• **TASK DIRECTIONS**
Everything in the listing below must be set down again exactly, apart from the pictures.

• **SOURCE MATERIAL**
* * * *
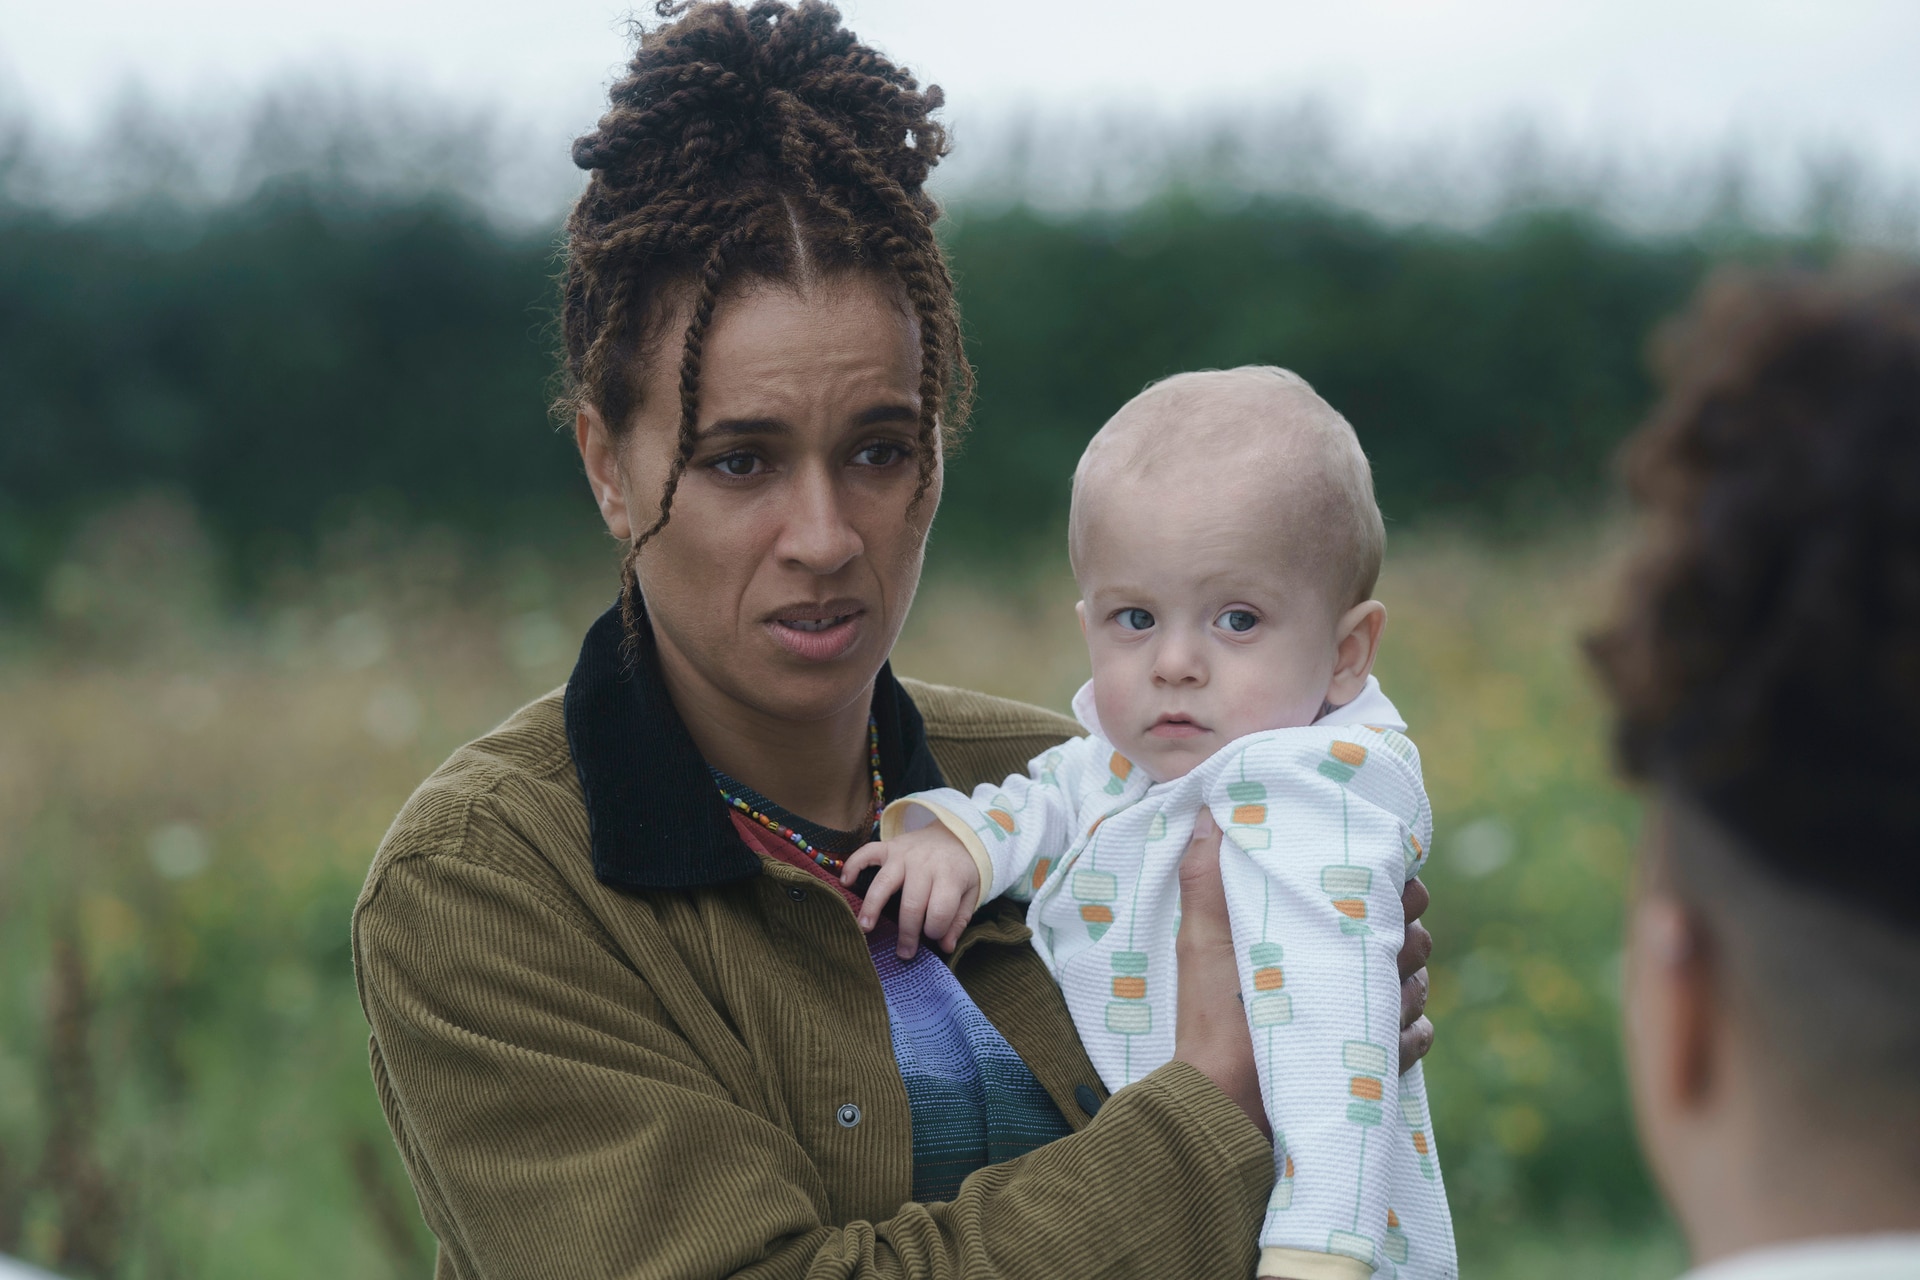 ‘The Baby’ trailer reveals having a murderous baby is tough
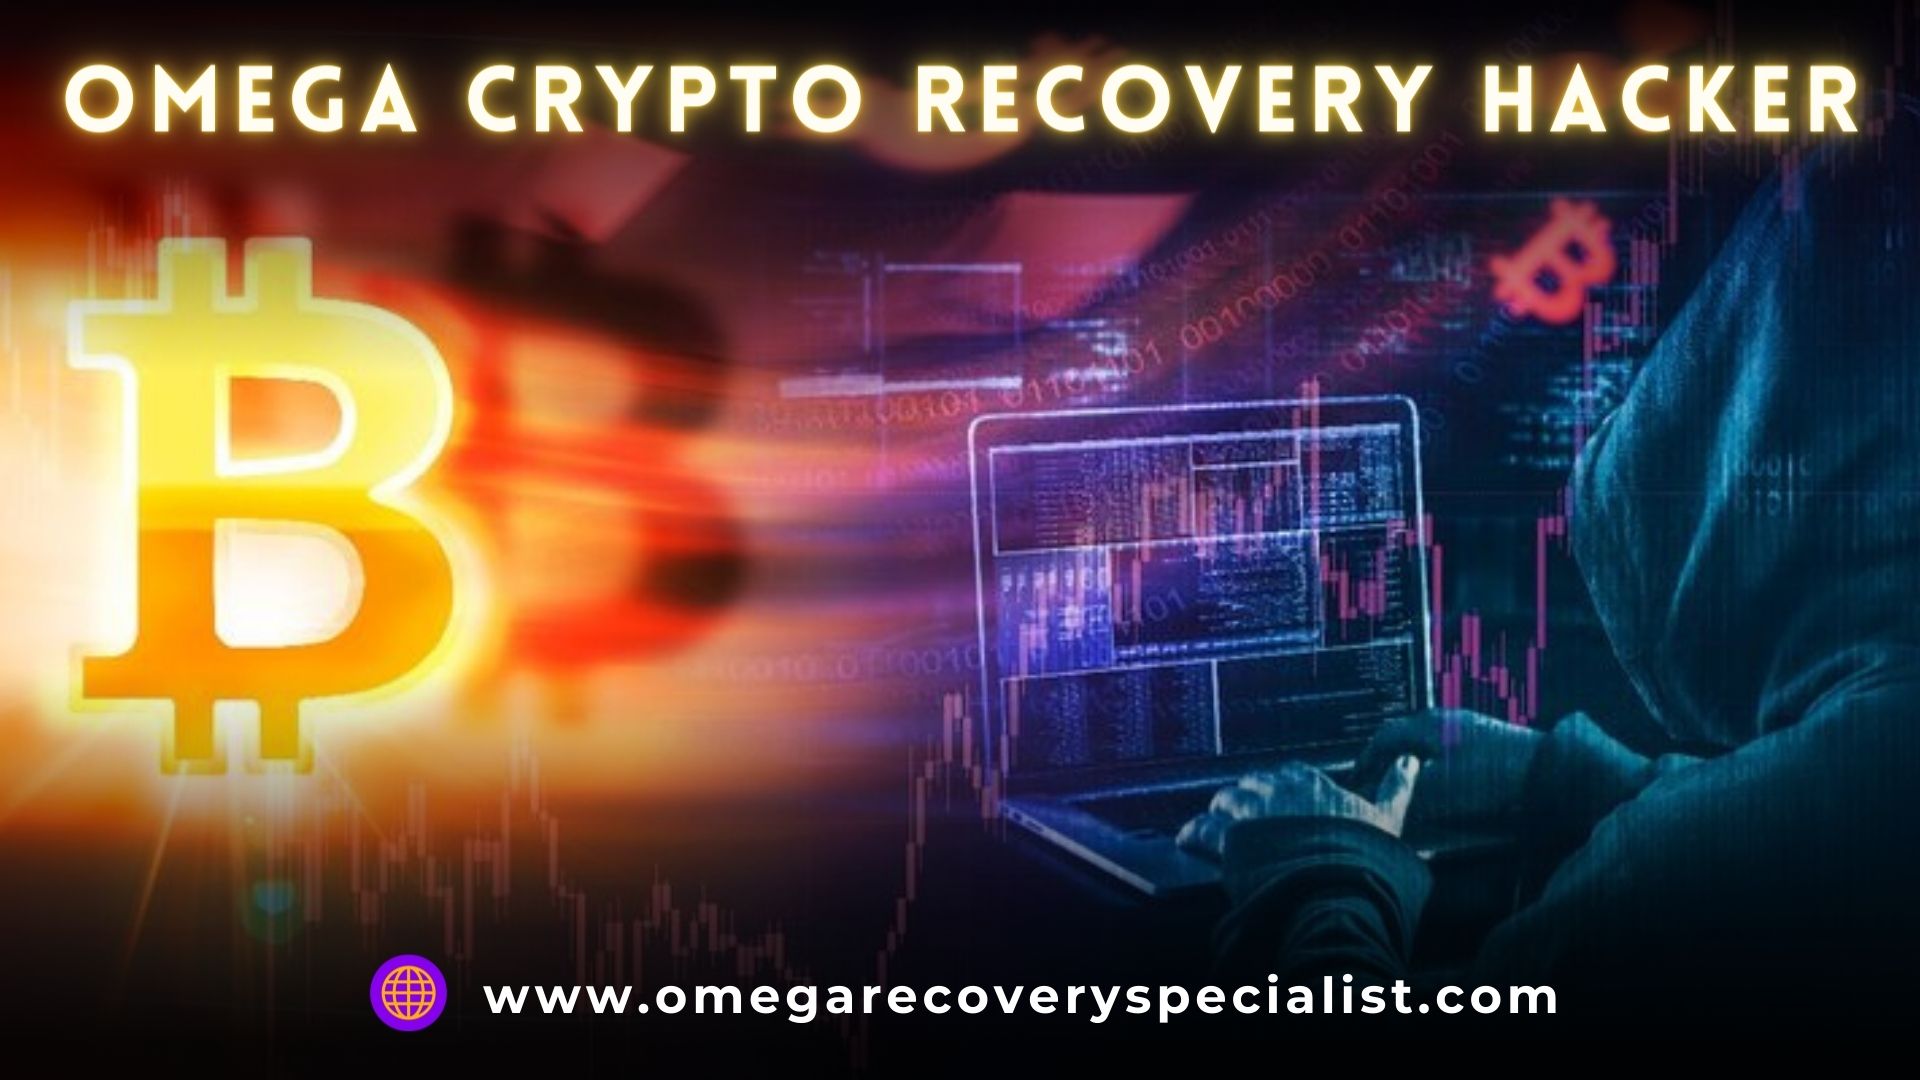 How to Recover Lost / Stolen BTC, Tether USDT - Go to OMEGA CRYPTO RECOVERY SPECIALIST HACKER, Online Event
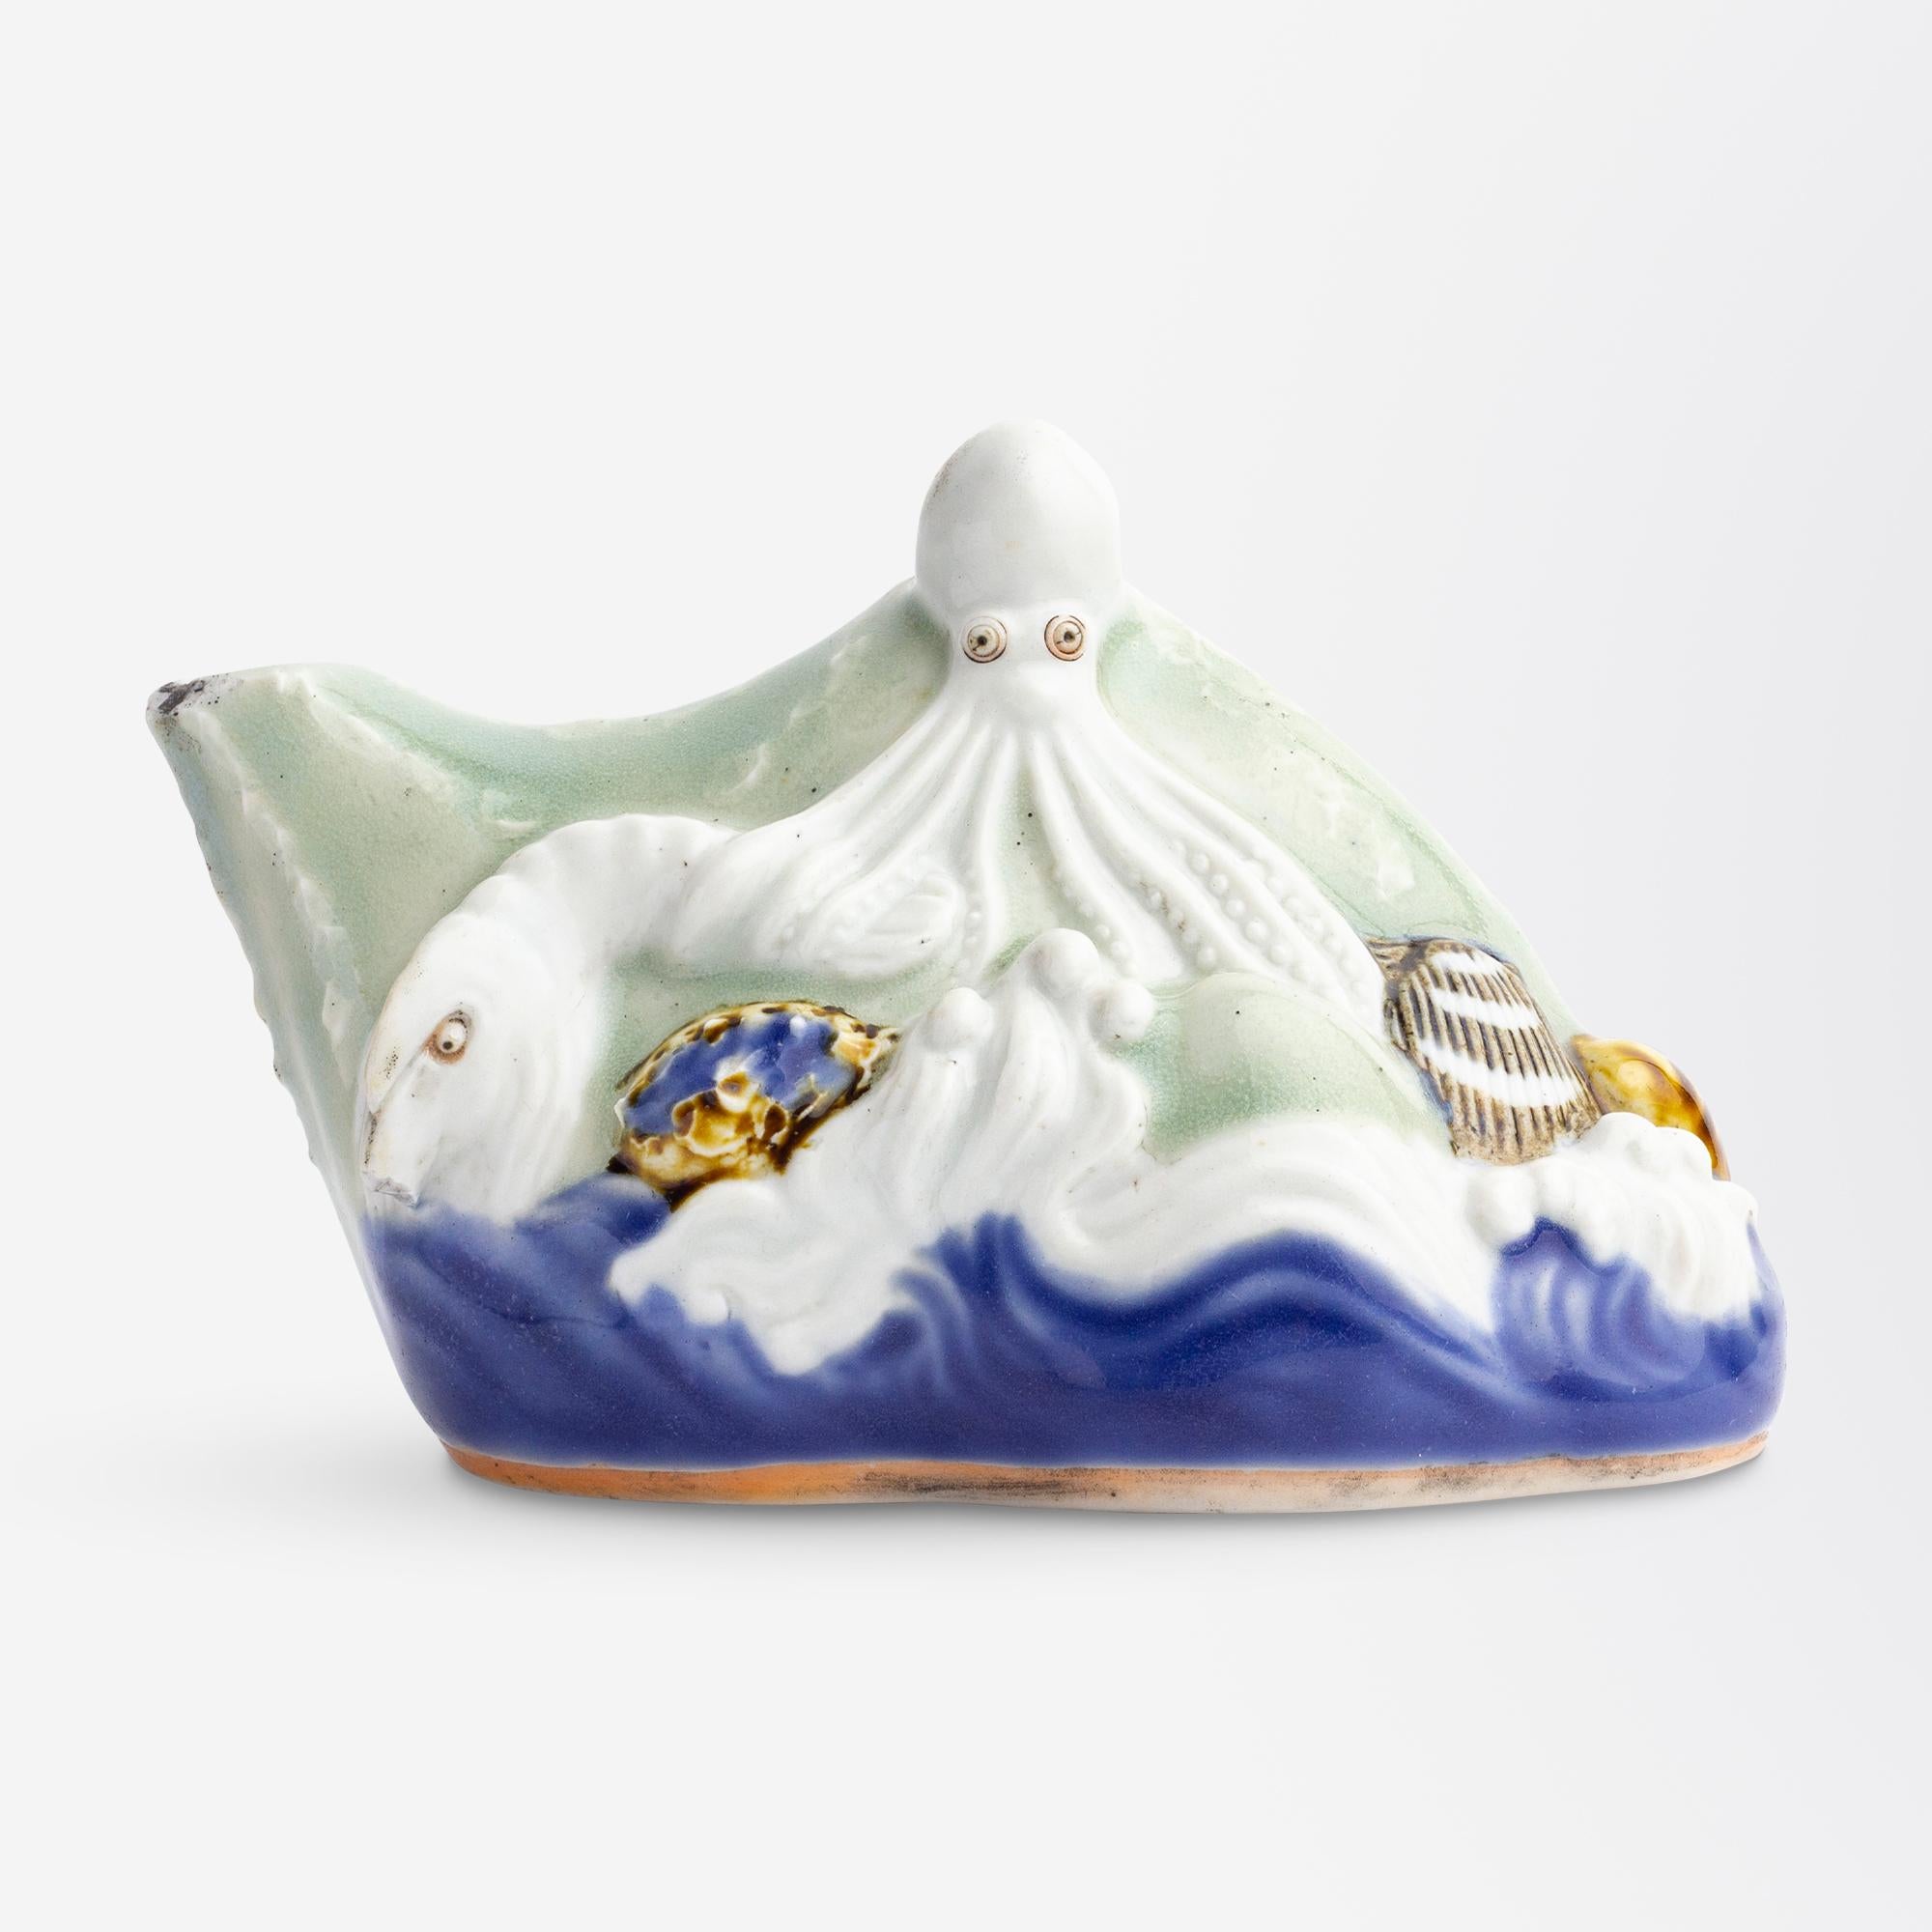 A Japanese Hirado ware water dropper used in calligraphy dating to the Edo Period (1603-1868). The whimsical, molded design features an array of sea creatures and shells on the base of crashing waves. Crafted from Hirado clay, covered in celadon
* * * *
• **WORKED SOLUTION**
 ‘The Baby’ trailer reveals having a murderous baby is tough
 How to Recover Lost / Stolen BTC, Tether USDT - Go to OMEGA CRYPTO RECOVERY SPECIALIST HACKER, Online Event
 A Japanese Hirado ware water dropper used in calligraphy dating to the Edo Period (1603-1868). The whimsical, molded design features an array of sea creatures and shells on the base of crashing waves. Crafted from Hirado clay, covered in celadon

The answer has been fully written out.